The regulation of callus formation during fracture repair involves the coordinate expression of growth factors and their receptors. This article describes the temporal and spatial expression of noggin gene, an antagonist to bone morphogenetic protein (BMP), during the fracture repair process. Noggin expression was examined by means of Northern blotting and in situ hybridization and compared with the expression pattern of BMP-4 in a model of fracture repair in adult mice. Expression levels of noggin messenger RNA (mRNA) were enhanced in the early phase of fracture callus formation. The localization of the noggin mRNA was similar to that of BMP-4 mRNA. Distinct noggin mRNA signals were located predominantly in cells lining the periosteum and the cortical endosteum near the fracture site at 2 days after fracture. At 5, 10, and 21 days after fracture, noggin mRNA was detected in the chondrocytes and osteoblasts in the newly formed callus. The pattern of localization was indistinguishable from that of BMP-4. These results suggest that the noggin/BMP-4 balance could be an important factor in the regulation of callus formation during fracture healing.
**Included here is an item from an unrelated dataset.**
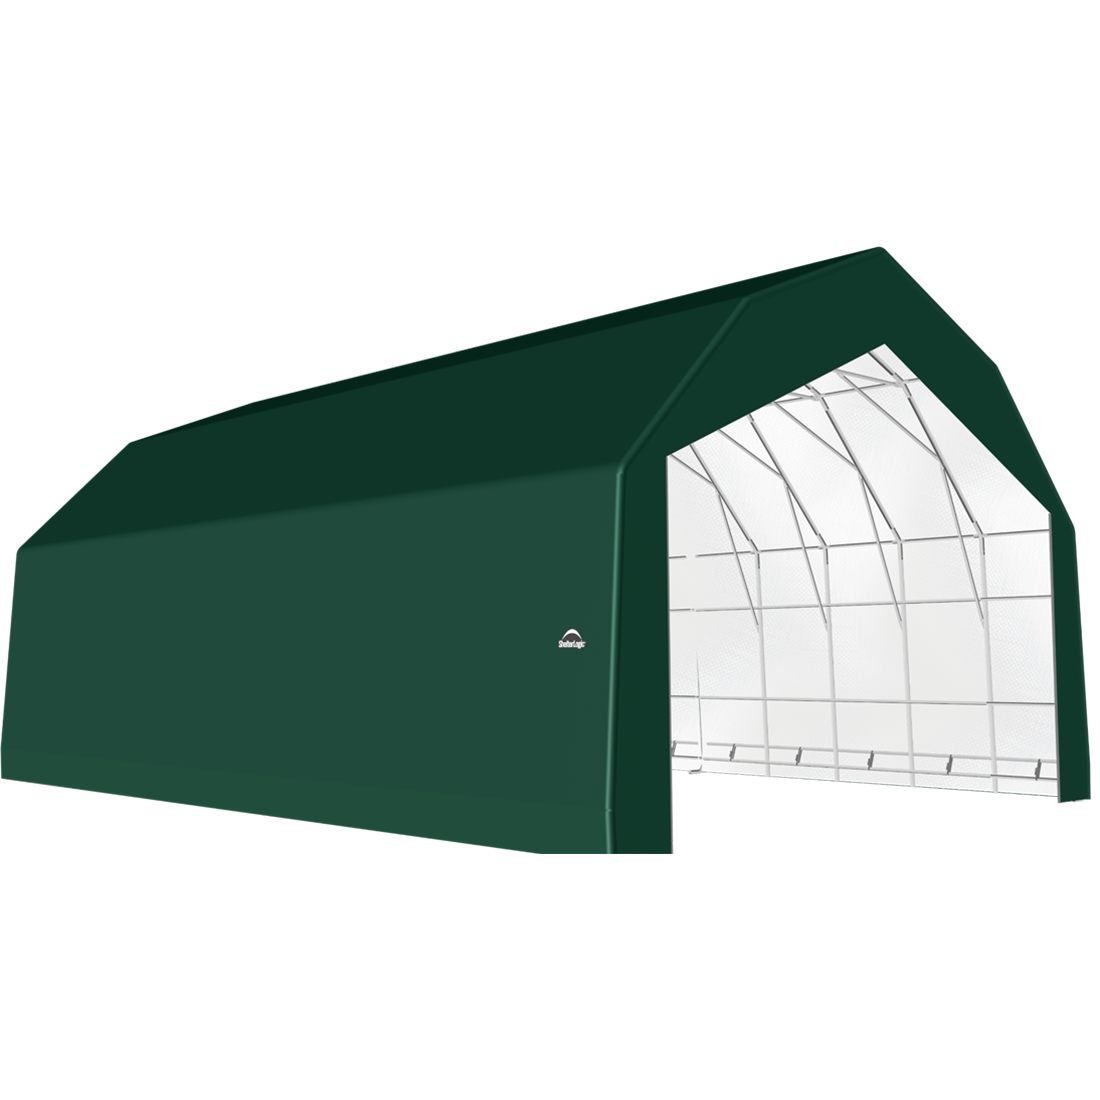 ShelterTech SP Series Barn Shelter, 30 ft. x 32 ft. x 21 ft. Heavy Duty PVC 14.5 oz. Green

FRACTURE HEALING is a process that encompasses inflammation, regeneration, and remodeling. The most crucial step in the process is regeneration, which in bone is known as callus formation. A suitable amount of callus formed in the fracture site is required for rapid healing without loss of skeletal mobility. An excess or limited amount of callus sometimes leads to the delay of repair. A number of cellular factors that stimulate callus formation have been reported. Among them, bone morphogenetic proteins (BMPs) are considered to have the central role in callus formation through their bone induction activity.(1–5) Previously, we reported the spatial and transient expression of BMP-4 messenger RNA (mRNA) in the early stages of fracture healing.(6) The localization of BMP-4 correlates with endochondral and membranous ossification sites before osteoid formation. The results combined with the localization of BMP receptors(7, 8) strongly suggest that BMP-4 plays an important role for callus formation. Although BMP-4 mRNA is expressed transiently, the activity of BMP-4 may persist because it is a more stable molecule. Therefore, it is entirely possible that some molecules control the activity of BMP to prevent the generation of an excess amount of callus at the fracture site.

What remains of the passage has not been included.